Потом обои угасали, уходили в тень, их напряженная задумчивость, годы и годы теснящаяся в этих чащах, преисполненных темных умозаключений, внезапно высвобождалась слепым воображаемым призраком ароматов, точно у старых гербариев, через сухие прерии которых пролетают стайки колибри, проносятся стада бизонов, степные пожары и всадники, у чьих седел покачиваются снятые скальпы.

Странная вещь, но до чего же старые эти помещения не способны обрести покой, трясясь над своим взбудораженным темным прошлым, как они опять и опять пытаются заново инсценировать давно уже предрешенные, потерпевшие крах события, проигрывают одни и те же ситуации в бесконечных вариантах, перелицовывая их так и этак бесплодной диалектикой обоев. Вот так до основания порченная и деморализованная тишина разлагается в беспрестанных размышлениях, в одиноких раздумьях, словно в безумии обегая обои бессветными проблесками. Стоит ли скрывать? Разве не приходилось тут еженощно усмирять чрезмерное возбуждение, вздымающиеся пароксизмы горячки, расслаблять их инъекциями тайных наркотических снадобий, что сводили их в пространные, целительные, успокоенные пейзажи, где среди расступающихся обоев мерцали водные зеркала и отражения?

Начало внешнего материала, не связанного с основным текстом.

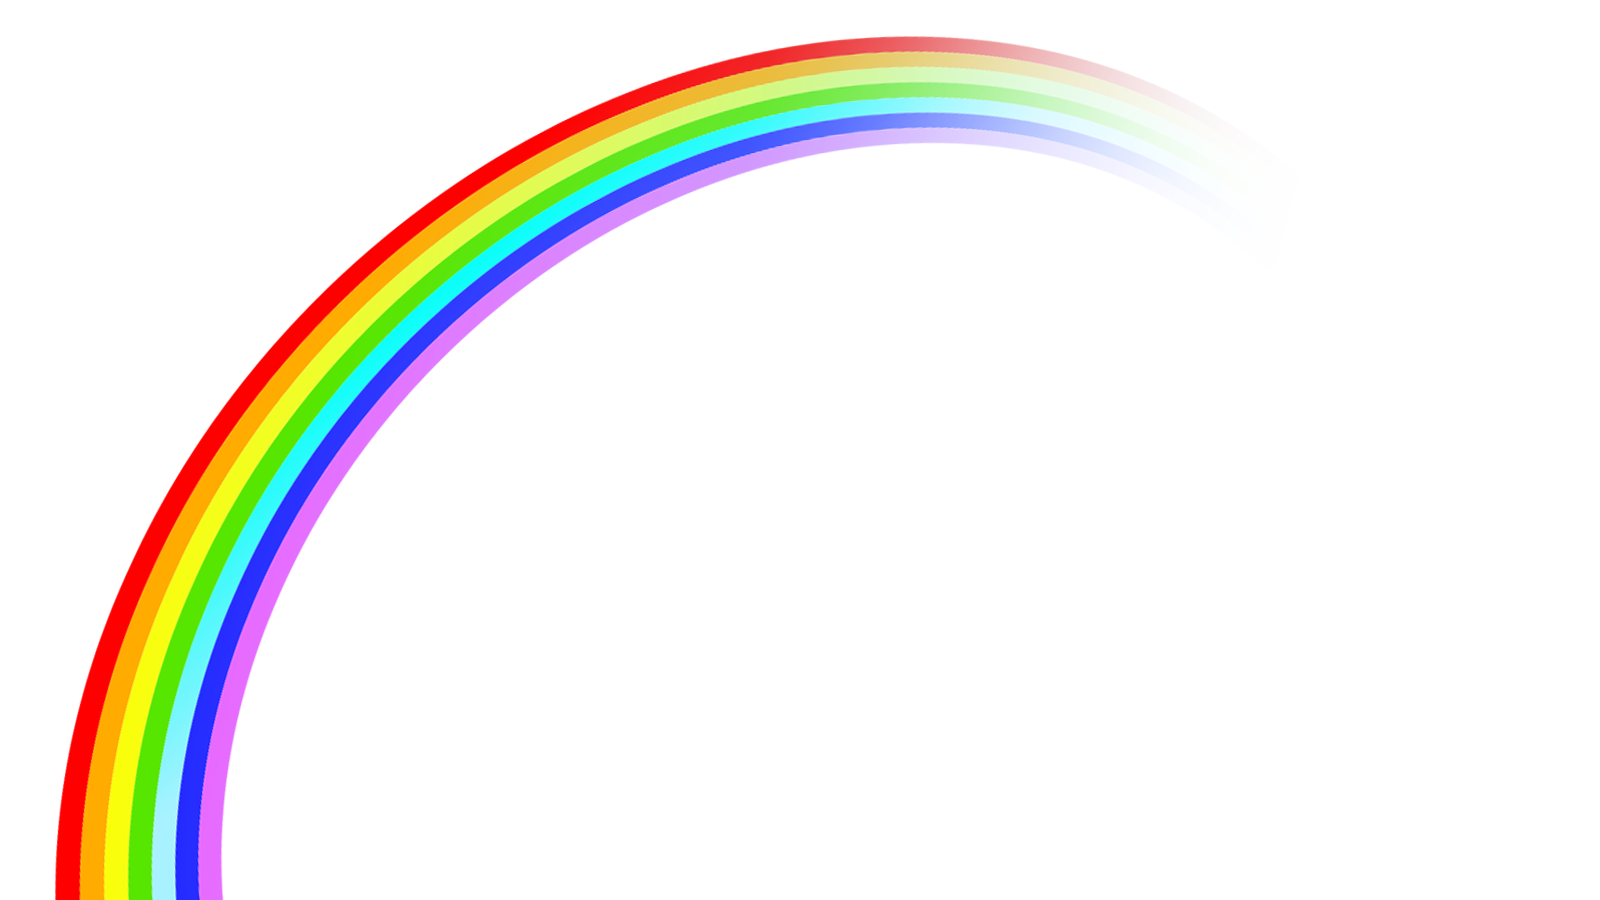 Free vector graphic: Rainbow,

Я услыхал какой-то шорох. Предшествуемый лакеем, он спускался по лестнице — приземистый, крепкий, экономный в движениях; его большие очки в роговой оправе блестели, и я не видел его глаз. Впервые я оказался с ним лицом к лицу. Он был непроницаем, и тем не менее я не без удовлетворения отметил, что уже после первых моих слов на лице у него резче обозначились две морщины, выдающие беспокойство и озабоченность. И хотя под слепым блеском очков он укрывал лицо маской высокомерной недосягаемости, я заметил, как в складках ее тайком проскальзывает бледный испуг. Постепенно он выглядел все заинтересованней, по серьезному выражению лица было ясно, что он начинает отдавать мне должное. Он пригласил меня в кабинет, который располагался рядом. Когда мы выходили, от дверей испуганно, словно она подслушивала, отскочила какая-то женщина в белом платье и поспешно удалилась в глубь дома Уж не гувернантка ли это Бьянки? Когда же я переступал порог кабинета, у меня было ощущение, будто я вхожу в джунгли. Мутно-зеленый полумрак этой комнаты был водянисто расчерчен тенями решетчатых жалюзи, закрывающих окна. Стены увешаны ботаническими таблицами, в клетках перепархивают крохотные яркие птички. Видимо, желая выиграть время, он принялся рассказывать мне об образчиках первобытного оружия — дротиках, бумерангах, томагавках, развешанных по стенам. Мое обостренное обоняние уловило запах кураре. И пока он манипулировал какой-то разновидностью дикарской алебарды, я порекомендовал ему быть осторожней и сдержанней в движениях, подкрепив свою рекомендацию внезапно выхваченным пистолетом. Несколько смущенный, он раздраженно улыбнулся и положил оружие на место. Мы сели за массивный письменный стол черного дерева. Я поблагодарил за предложенную сигару, но сказал, что не курю. Подобная осторожность снискала мне его уважение. С сигарой в уголке обвислого рта, он приглядывался ко мне с угрожающей, не возбуждающей доверия благожелательностью. Потом, небрежно перелистывая чековую книжку, как бы в рассеянности предложил мне компромисс, назвав цифру с несколькими нулями, и при этом зрачки его убежали к уголкам глаз. Моя ироническая улыбка заставила его быстро сменить тему. Со вздохом он раскрыл торговые книги. Начал растолковывать мне финансовое положение дел. Имя Бьянки ни разу не было произнесено ни одним из нас, хотя она присутствовала в каждом нашем слове. Я, не отрываясь, смотрел на него, с моих губ не сходила насмешливая улыбка. Наконец он бессильно положил руки на подлокотники кресла.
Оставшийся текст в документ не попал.